Building phrase based language model from large corpus
by Tang Haijiang
M.Phil. Electrical and Electronic Engineering
x, 79 leaves : ill. ; 30 cm
Statistical language models (SLM) encode linguistic information in the form of estimation of probability distribution of natural language, and have been successfully applied in various language processing applications....[ Read more ]
Statistical language models (SLM) encode linguistic information in the form of estimation of probability distribution of natural language, and have been successfully applied in various language processing applications.
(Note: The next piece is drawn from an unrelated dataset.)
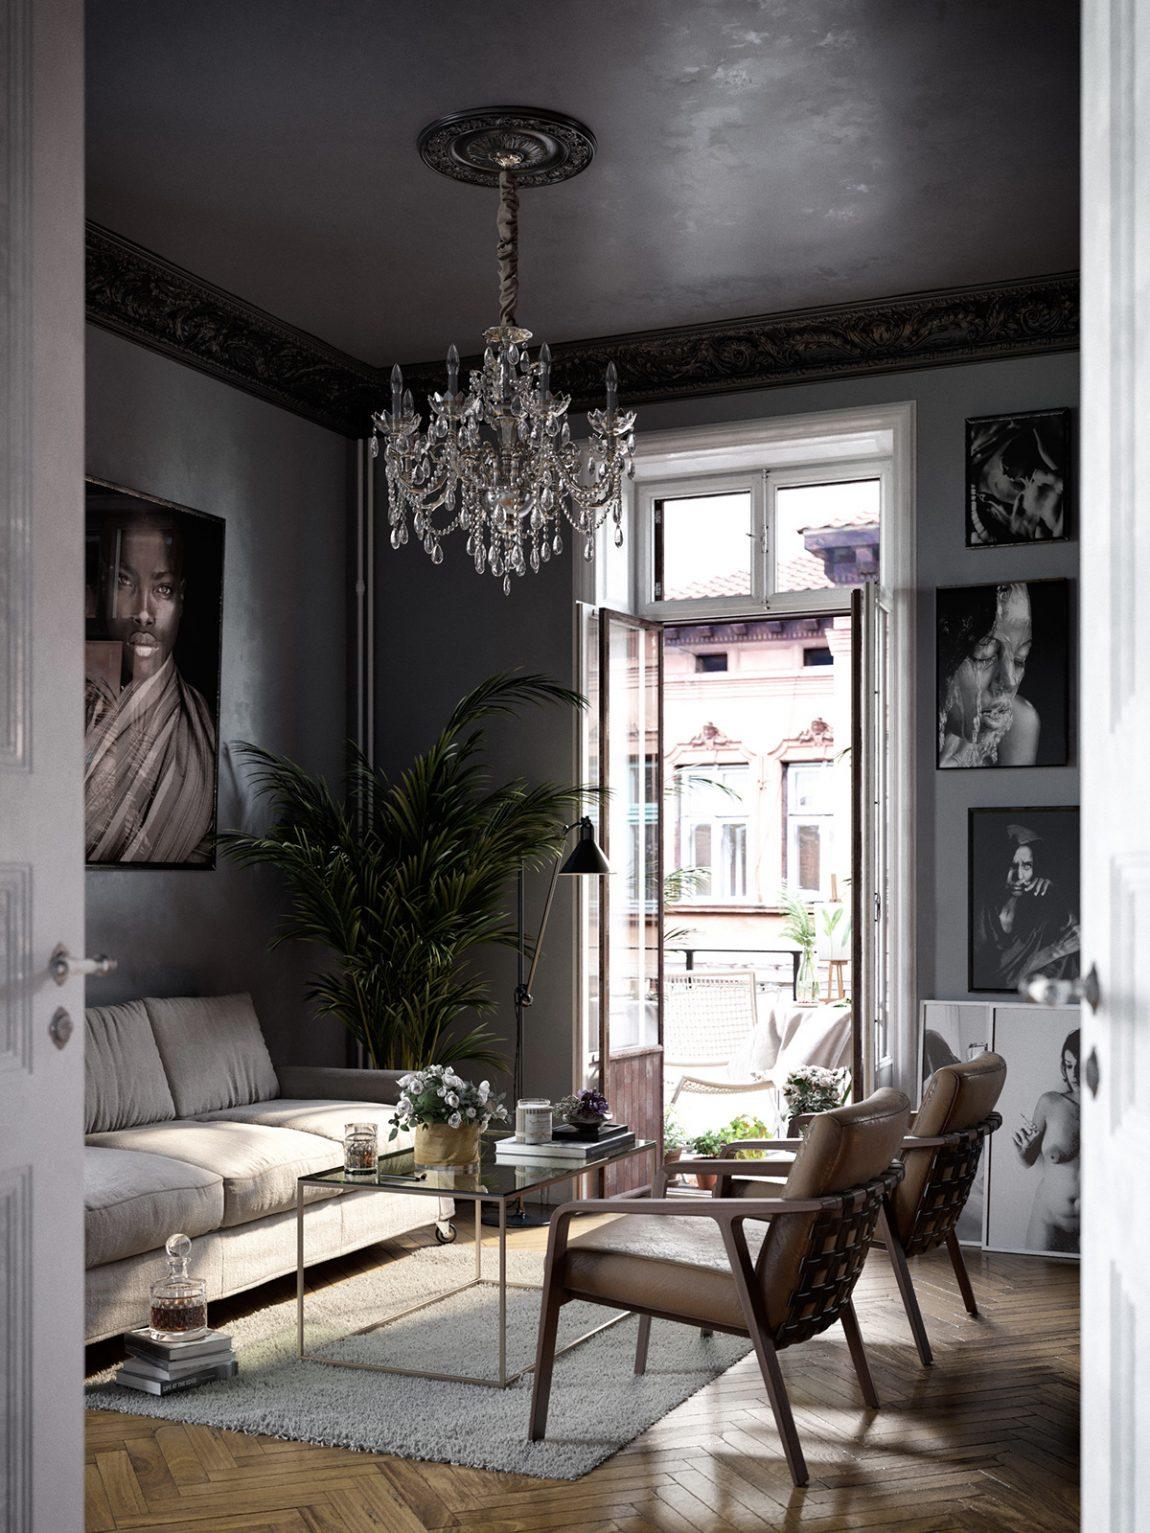 Woonkamer met een eclectisch interieur en een zwart plafond inrichting - Plafond geverfd zwart ...

Currently, most SLMs are based on words. A language model is trained on text based on a pre-defined lexicon. However, even language model trained from huge body of text with very large lexicons yield a significant number of unreliable estimates due to the lack of linguistic information and the inaccurate independent assumption of language modeling. In fact, word bases n-gram language model, the most commonly used SLM, uses so little linguistic knowledge that it may applied to a sequence of any symbols with no deep structure or meaning behind them. One solution is to encode linguistic information into lexical units that has longer context, which is, including phrases as the linguistic unit for language modeling. The research work presented in this thesis focus on using automatically extracted phrase for language model training.
In this thesis, we investigate phrase based language model building techniques. We compare phrase extraction approaches using different statistical information obtained from the training data. The experimental results show that phrase based language model addresses main problems with regard to word-based n-gram model, hence systematically and significantly improves the quality of perplexity and recognition accuracy. We also propose our new approach that outperforms the previous methods.
Another contribution of this thesis is in robust Chinese syllable to word decoding. Syllable to word decoding is very important for Chinese keyboard input, and also a main part of Chinese CSR. However, inherent ambiguities of Chinese language hamper the accurate decoding. We present a multi-path search algorithm that addresses this problem and significantly improves the recognition accuracy.